Everything in the entries except the pictures must be repeated exactly.

# [Data records]
■ ■ ■ ■

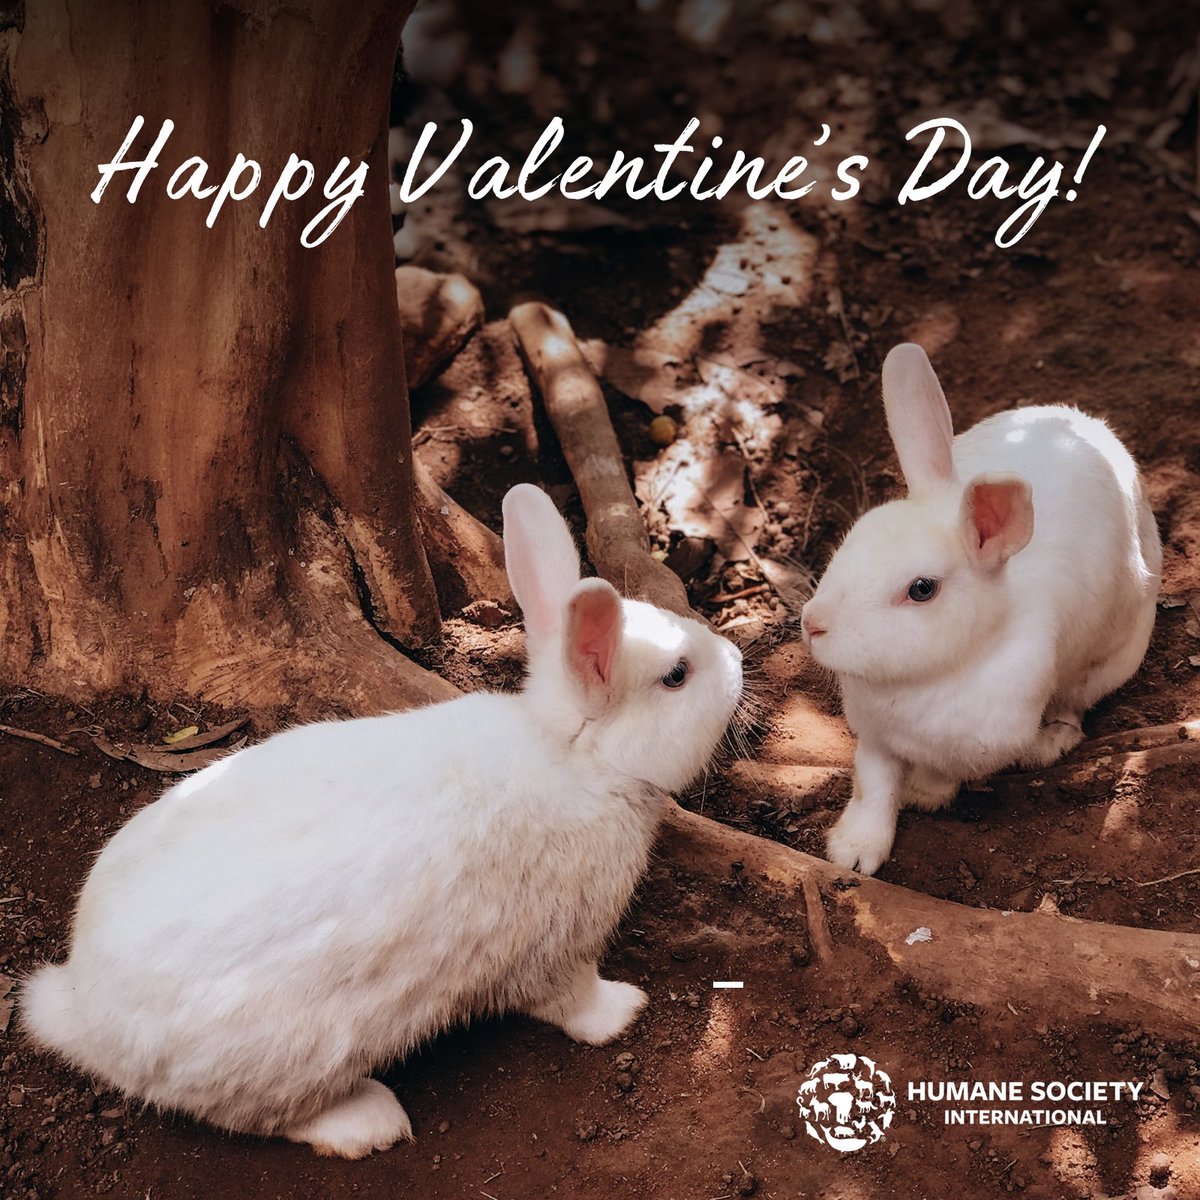 Happy Valentines Day! ❤️🐰 Share far and wide to show your love for animals today, and every day!

#SomeBunnyLovesYou #BeCrueltyFree
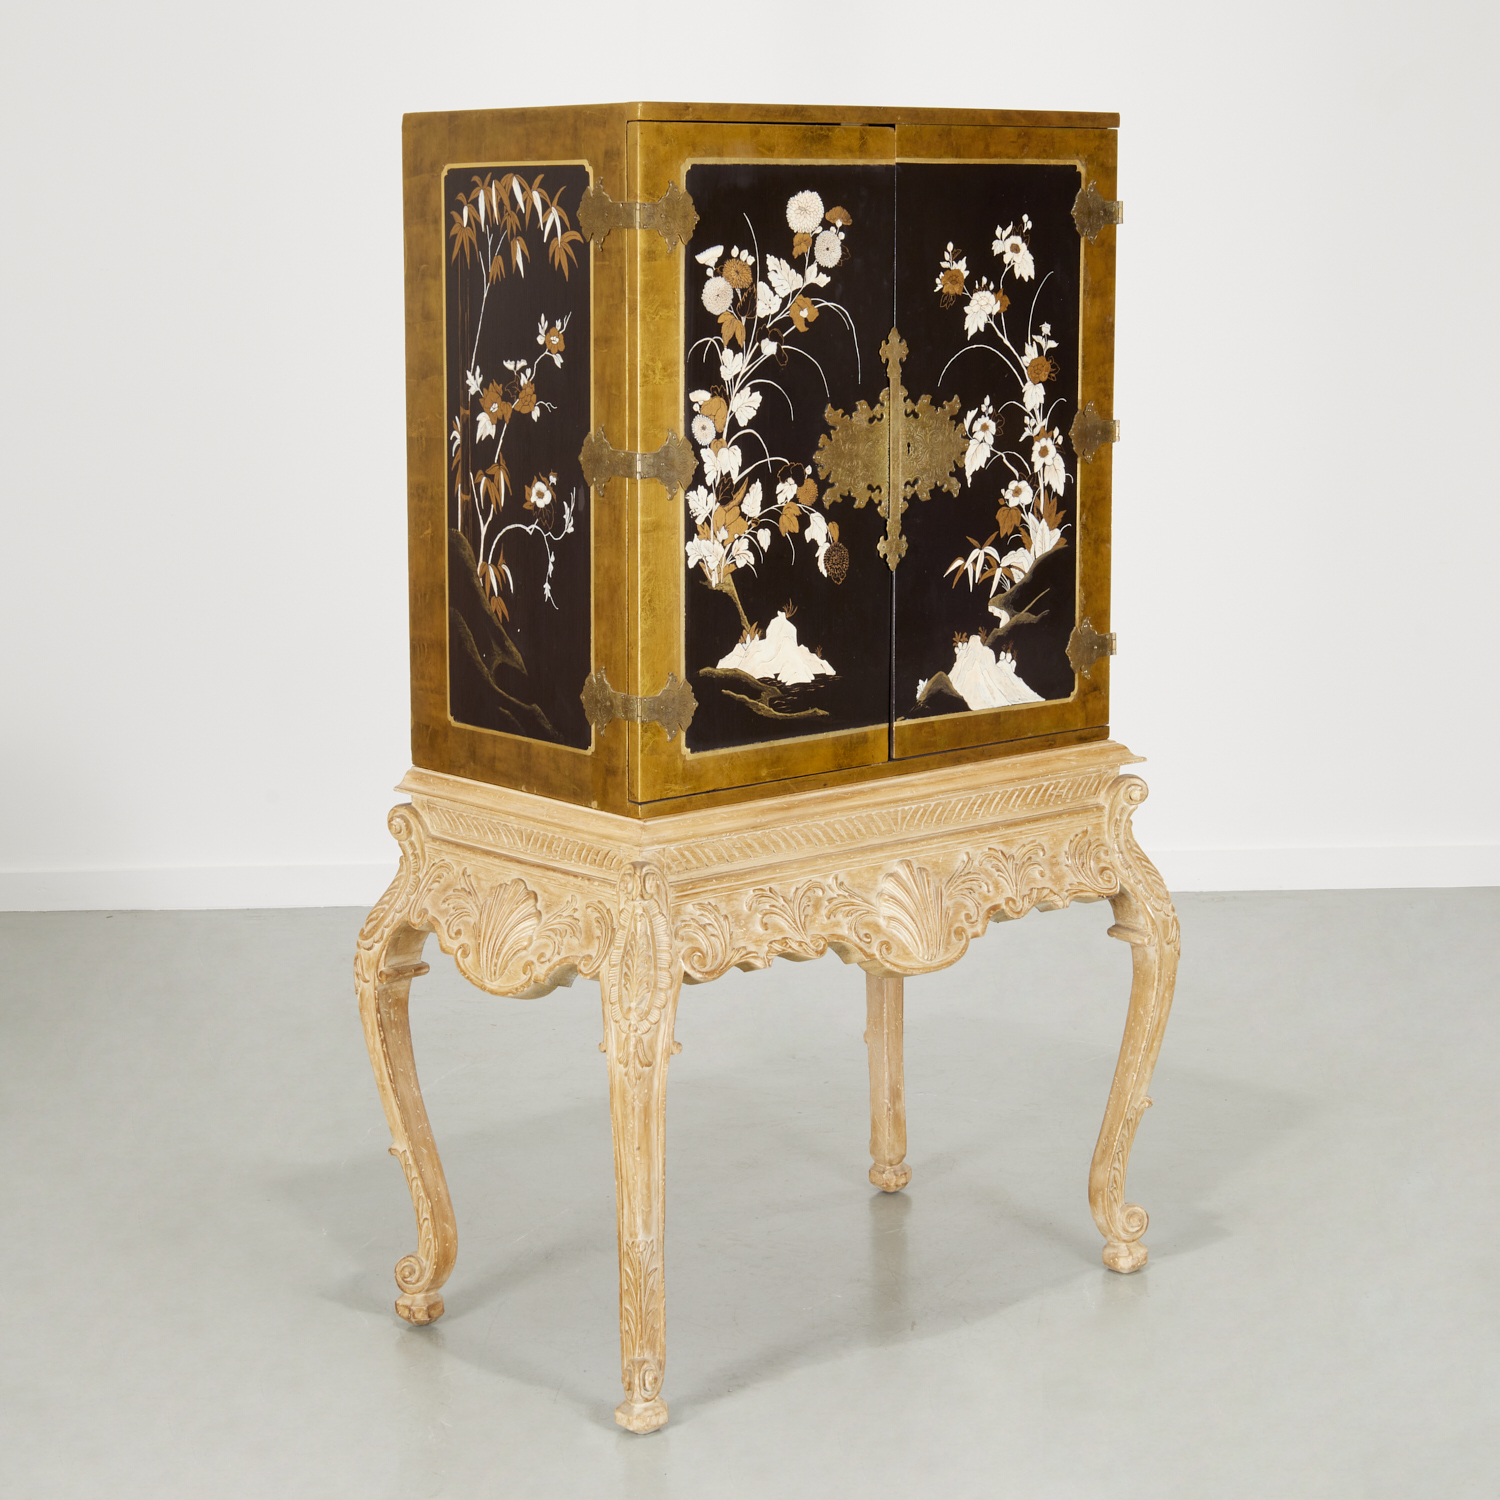 GEORGE I STYLE CHINOISERIE CABINET
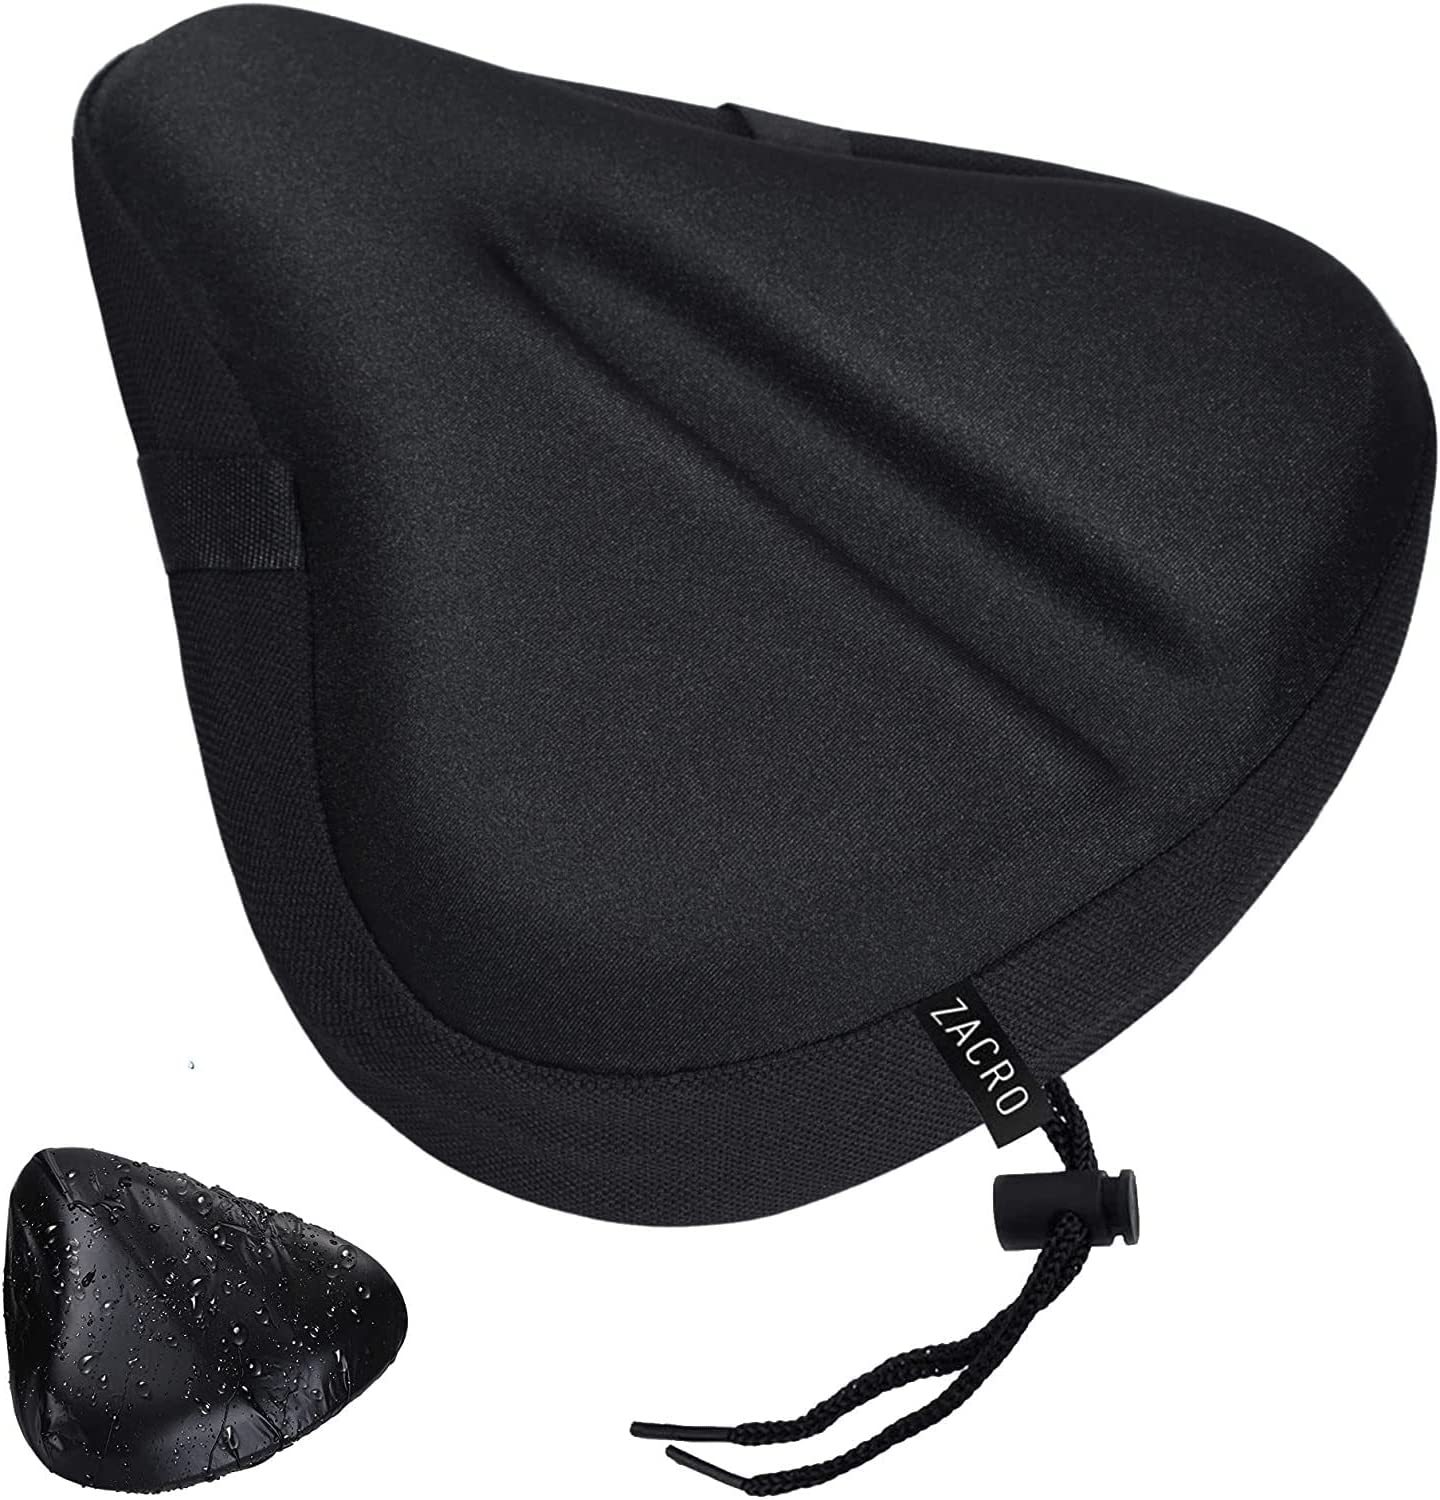 71tsQNb7YsL. AC SL1500  - Zacro Bike Seat Cushion - Gel Padded Wide Adjustable Cover for Men & Womens Comfort, Compatible with Peloton, Stationary Exercise or Cruiser Bicycle Seats, 11.4in X 10.4in, Water&Dust Resistant Cover
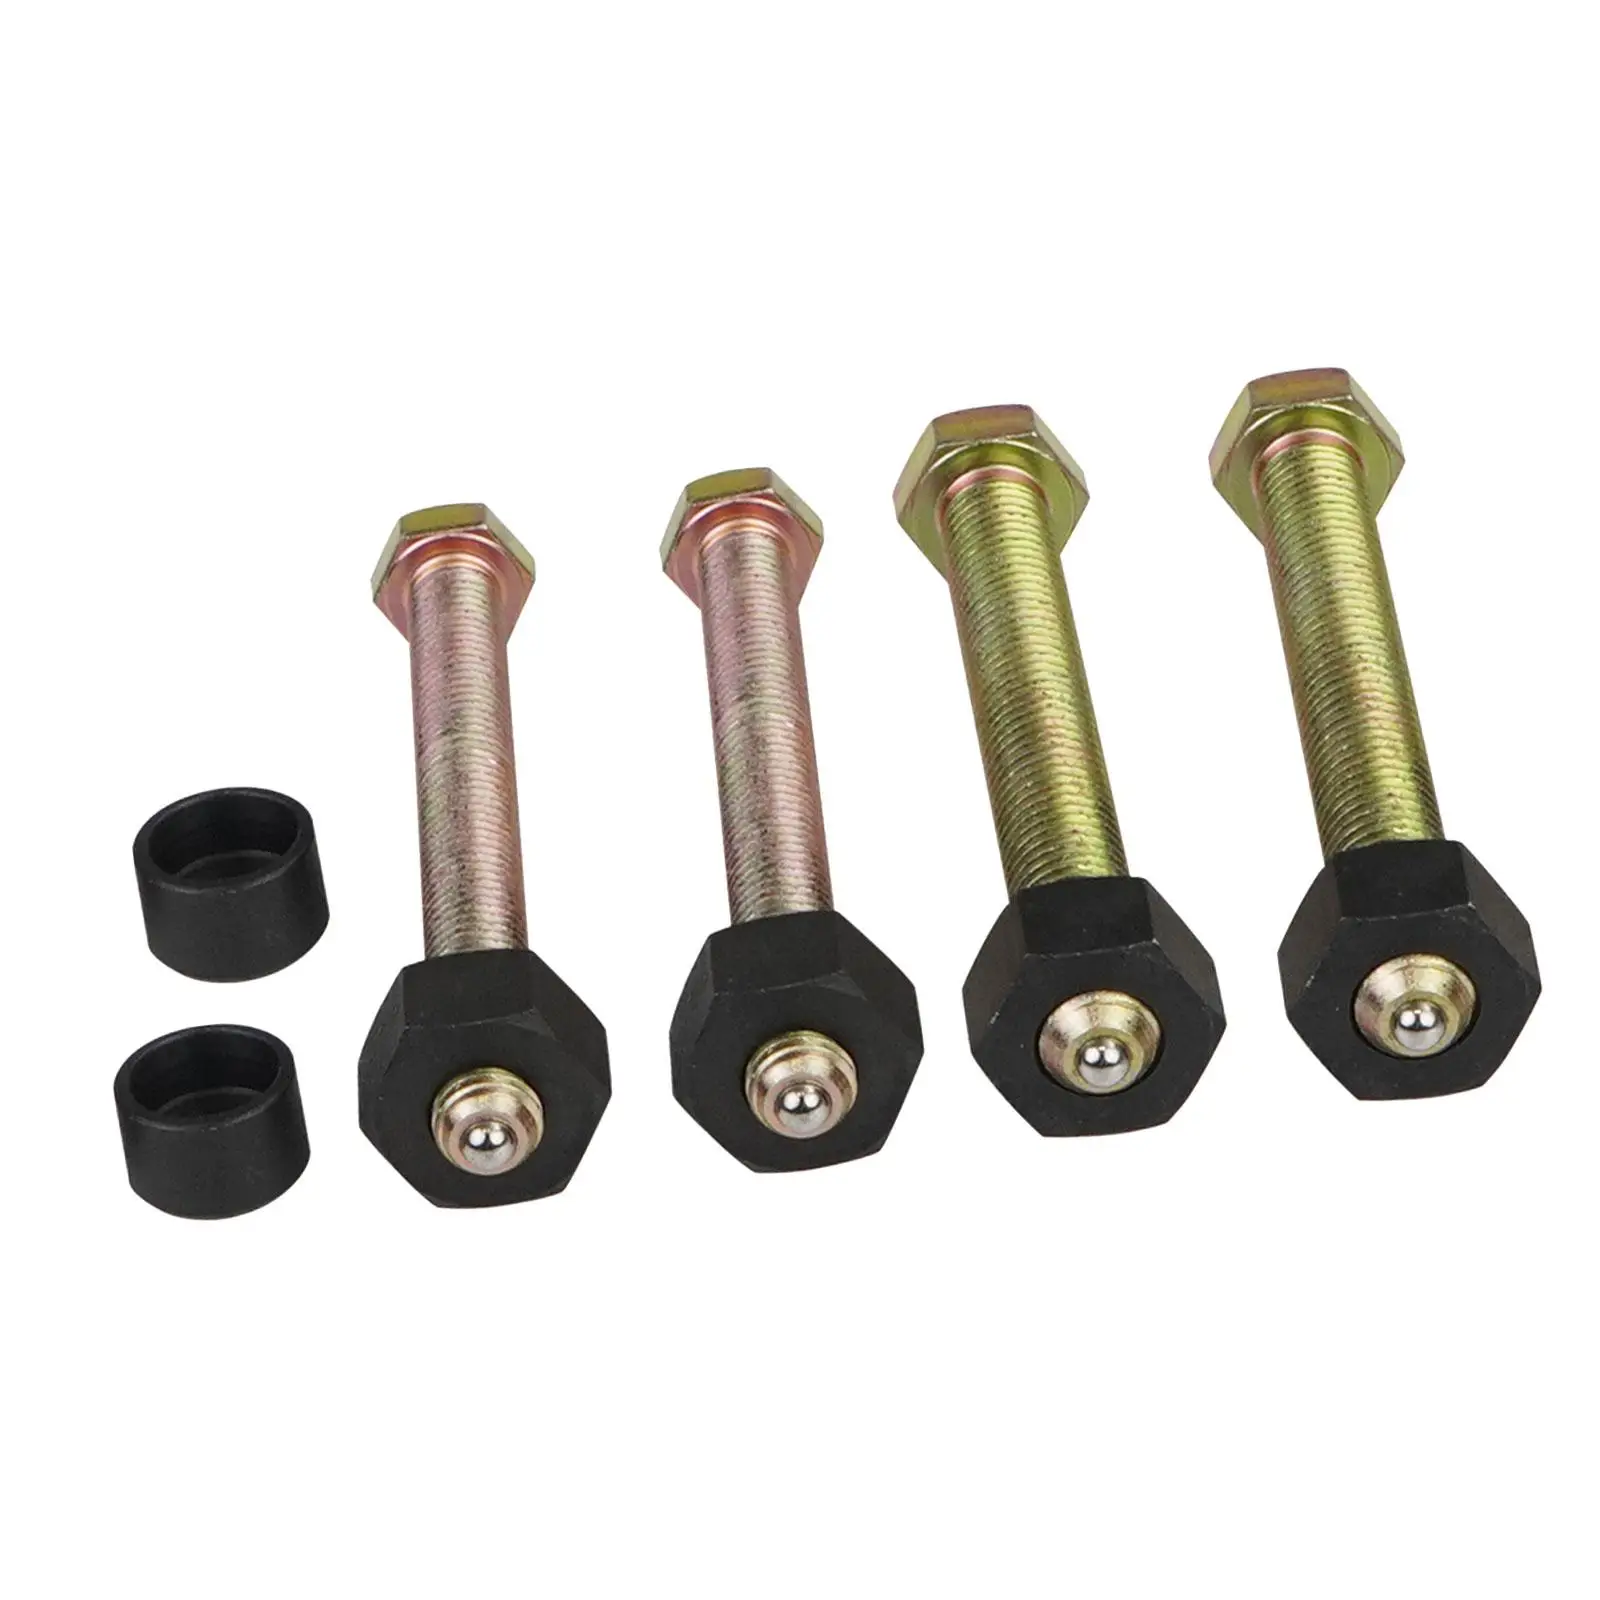 78834 Spare Parts Replaces M12 M14 Nut Impact Rated Hub Removal Bolt Set

■ ■ ■ ■

# [Answer to this exercise]
 Happy Valentines Day! ❤️🐰 Share far and wide to show your love for animals today, and every day!

#SomeBunnyLovesYou #BeCrueltyFree
 GEORGE I STYLE CHINOISERIE CABINET
 71tsQNb7YsL. AC SL1500  - Zacro Bike Seat Cushion - Gel Padded Wide Adjustable Cover for Men & Womens Comfort, Compatible with Peloton, Stationary Exercise or Cruiser Bicycle Seats, 11.4in X 10.4in, Water&Dust Resistant Cover
 78834 Spare Parts Replaces M12 M14 Nut Impact Rated Hub Removal Bolt Set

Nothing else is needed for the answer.